◆ DATA SECTION ◆
________________________
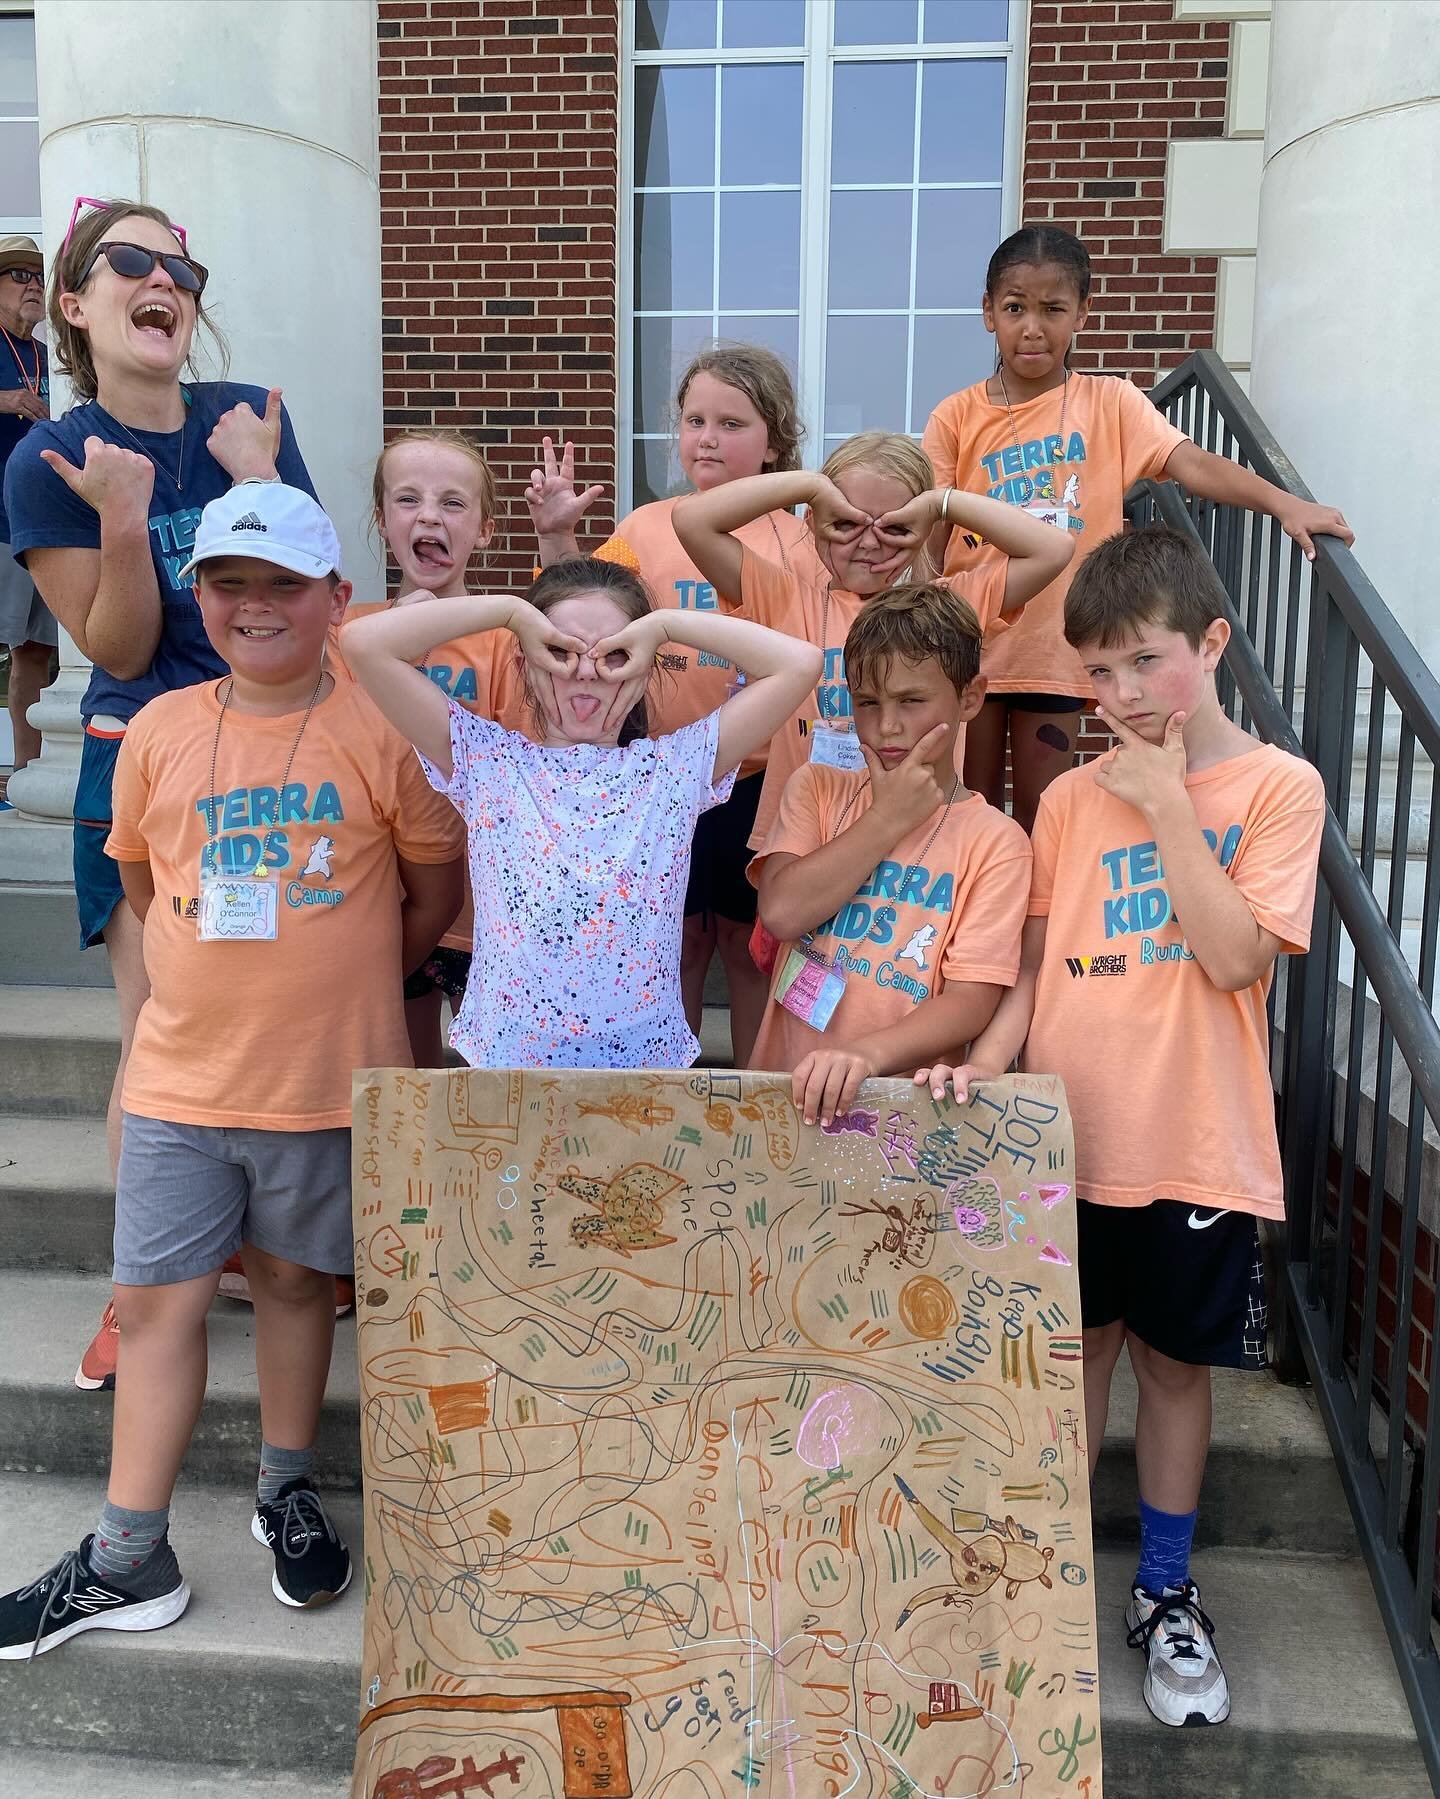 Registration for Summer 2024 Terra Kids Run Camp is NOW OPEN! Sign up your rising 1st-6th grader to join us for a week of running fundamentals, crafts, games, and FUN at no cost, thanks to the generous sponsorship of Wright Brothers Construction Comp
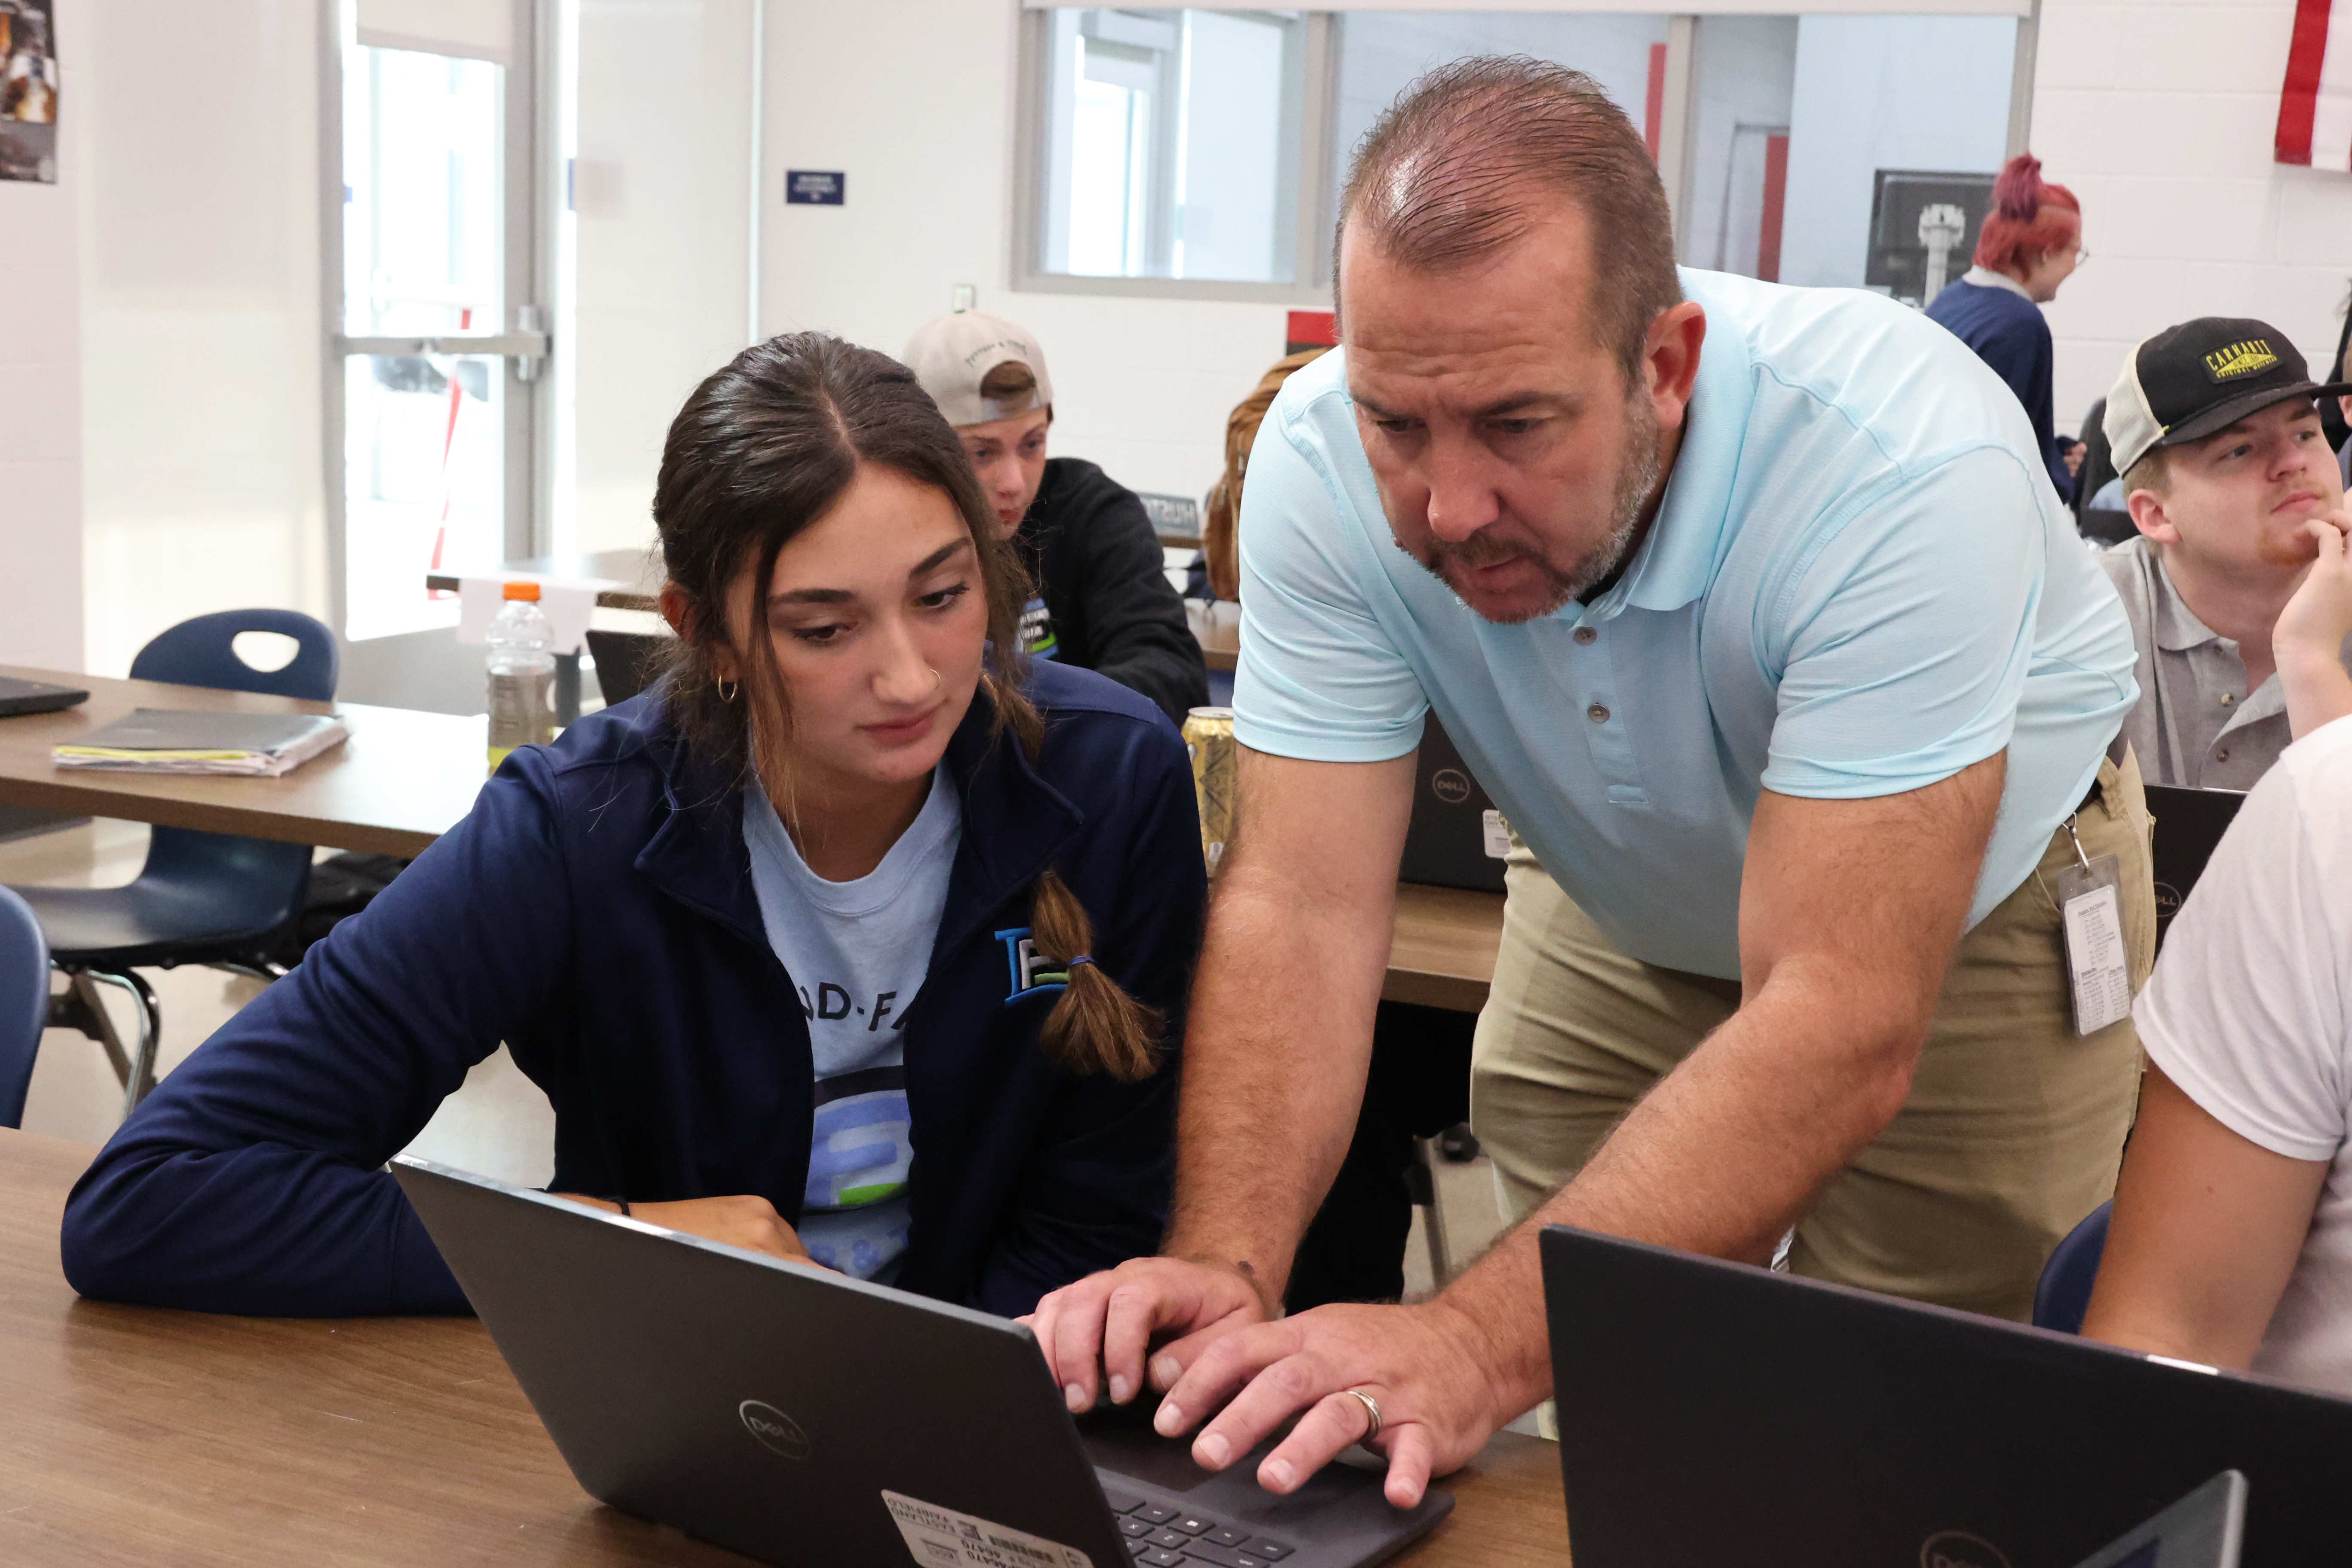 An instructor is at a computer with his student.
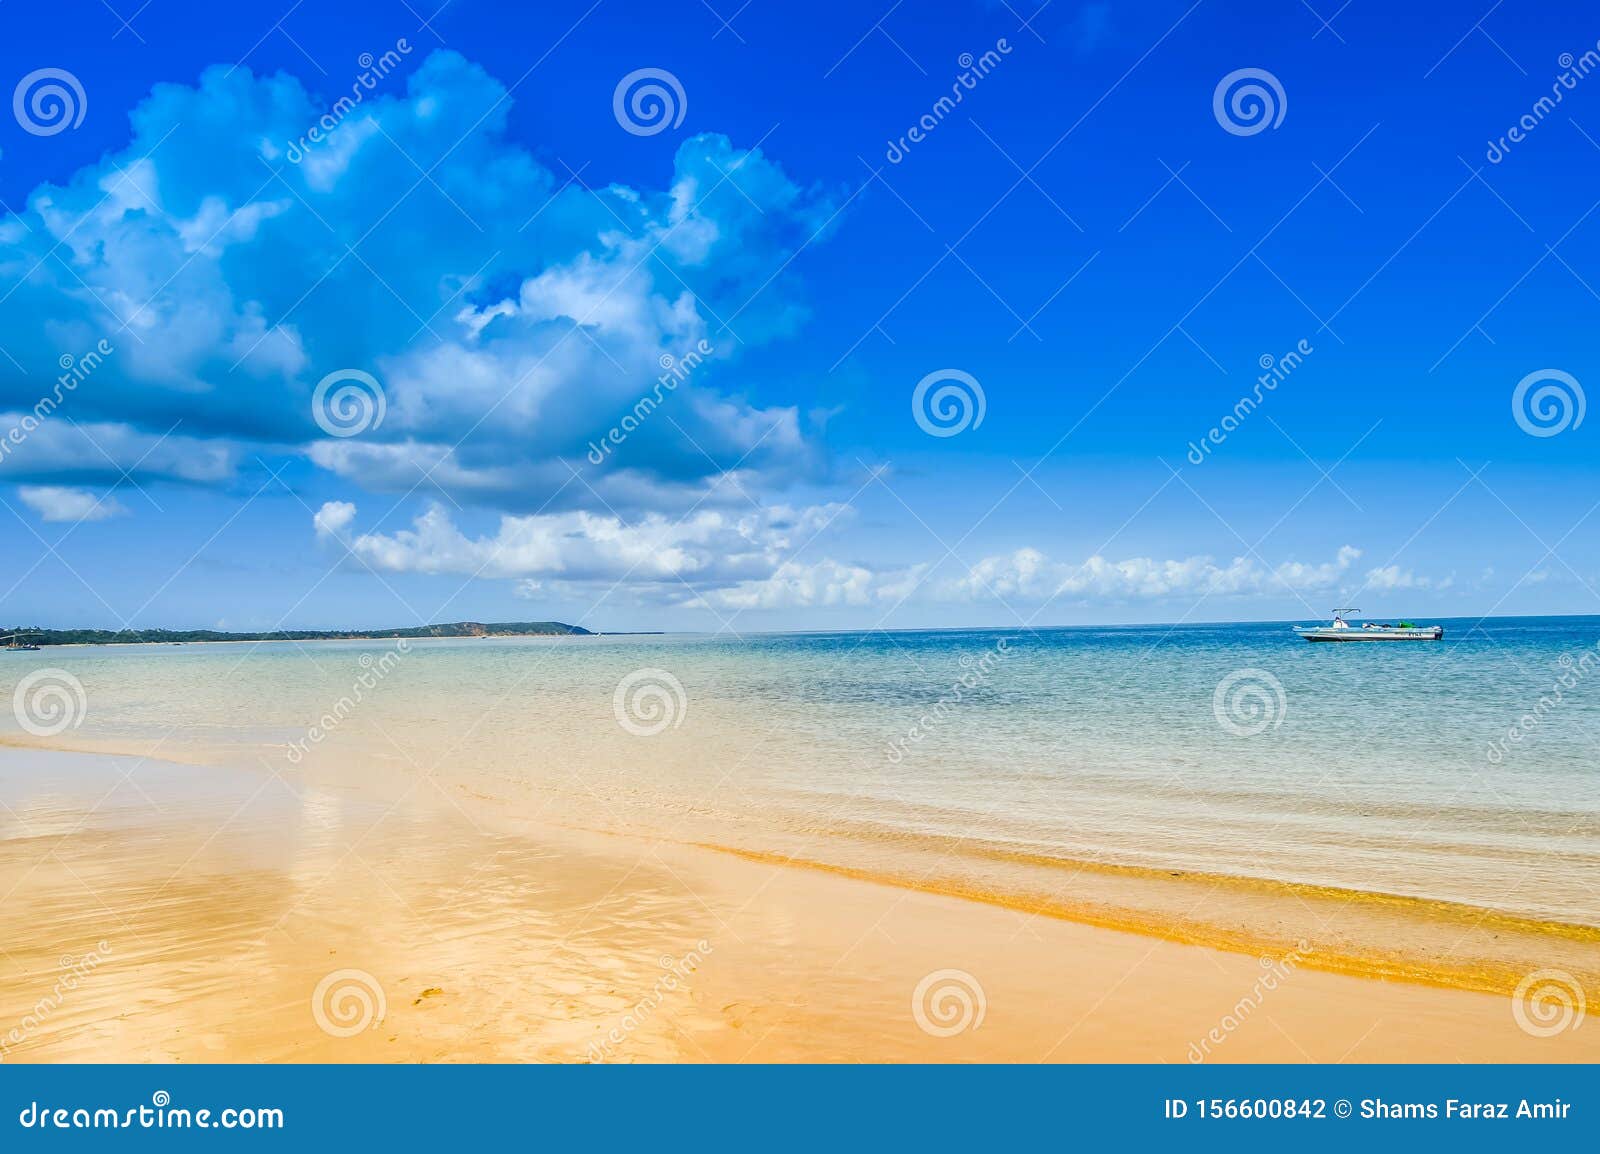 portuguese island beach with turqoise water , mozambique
________________________
◆ GOAL OF THE EXERCISE ◆
Omit the pictures and output all of the other material exactly.

◆ EXPECTED ANSWER ◆
 Registration for Summer 2024 Terra Kids Run Camp is NOW OPEN! Sign up your rising 1st-6th grader to join us for a week of running fundamentals, crafts, games, and FUN at no cost, thanks to the generous sponsorship of Wright Brothers Construction Comp
 An instructor is at a computer with his student.
 portuguese island beach with turqoise water , mozambique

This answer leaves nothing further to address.